Ai medesimi principi si è poi orientata la Cassazione nell’affermare che nell’ipotesi
di cessione di Azienda non vi può essere discordanza tra la base imponibile determinata
in capo al cessionario ai fini dell’imposta di registro e quella rilevante per il cedente ai fini
della tassazione della plusvalenza.
Infine, anche le recenti modifiche in materia di determinazione del “valore
normale” per i trasferimenti dei beni immobili ai fini delle imposte dirette, ex art. 39,
d.p.r. 600/73 e delle indirette, ex artt. 54, co. 3, d.p.r. 633/73 e 52, d.p.r. 131/86,
contribuiscono a rinforzare tale esigenza di uniformità
Dalle brevi considerazioni innanzi riportate, assistiamo a come il Legislatore in
talune circostanze abbia attuato il predetto principio di semplificazione. Tuttavia, è facile
constatare, e il nostro caso ne rappresenta una testimonianza, come la concreta
attuazione di tale principio sia l’eccezione piuttosto che la regola.

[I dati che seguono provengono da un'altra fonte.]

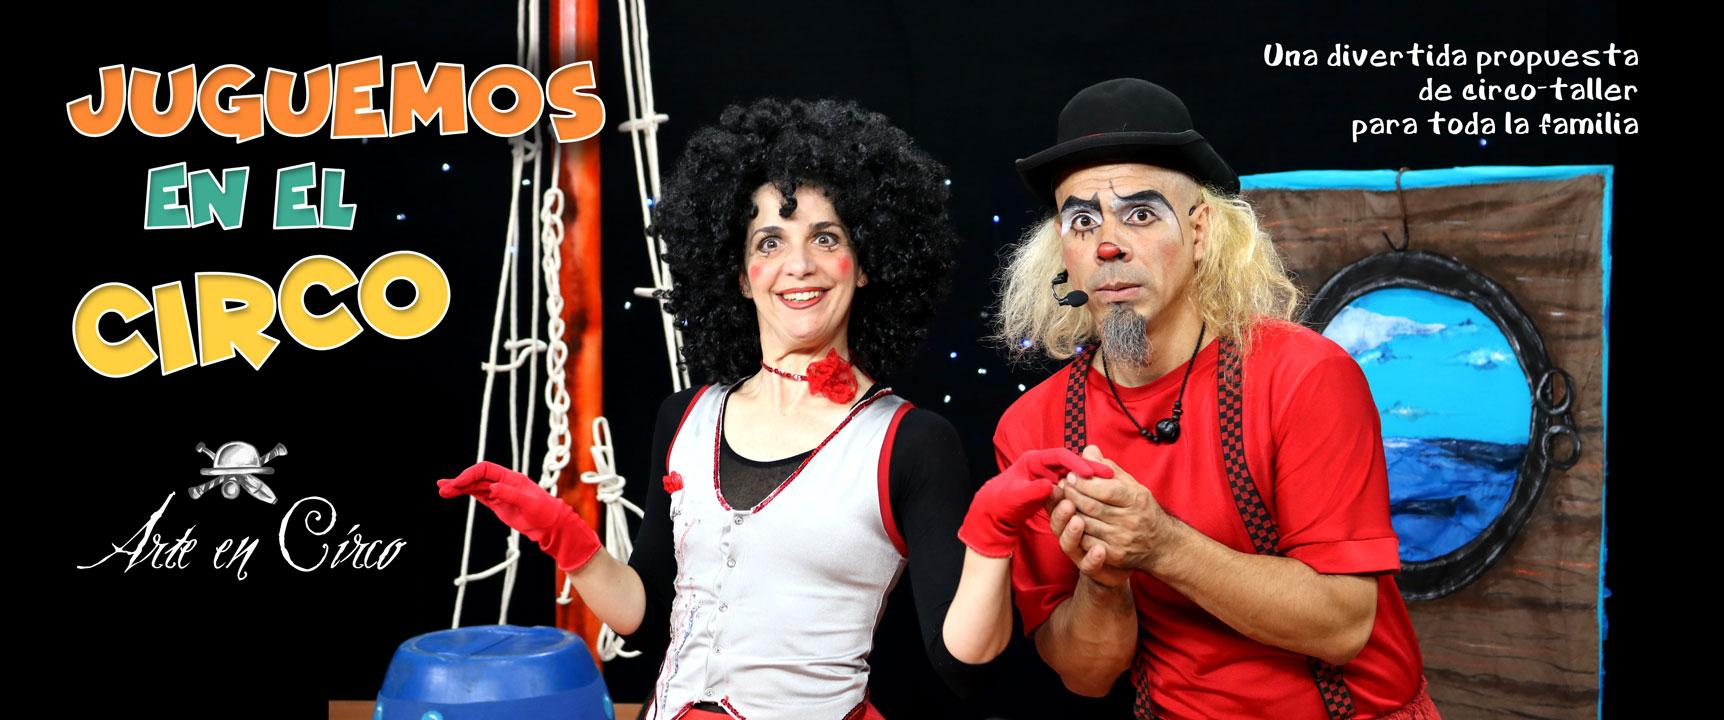 Juguemos en el Circo

Preso atto di ciò, e consci della quasi necessitata articolatezza del sistema
legislativo tributario in virtù dell’esigenza di considerare, e al tempo stesso prevenire,
tutte le possibili implicazioni delle fattispecie a cui le norme si riferiscono, non possiamo
non auspicarci per il futuro interventi legislativi più sistematici di semplificazione e
coordinamento, tesi ad una maggiore uniformazione delle basi imponibili previste nei
diversi settori impositivi, o, quantomeno, per quei casi in cui i differenti presupposti
vengono a realizzarsi in relazione ad un unico negozio o ad un insieme di negozi correlati.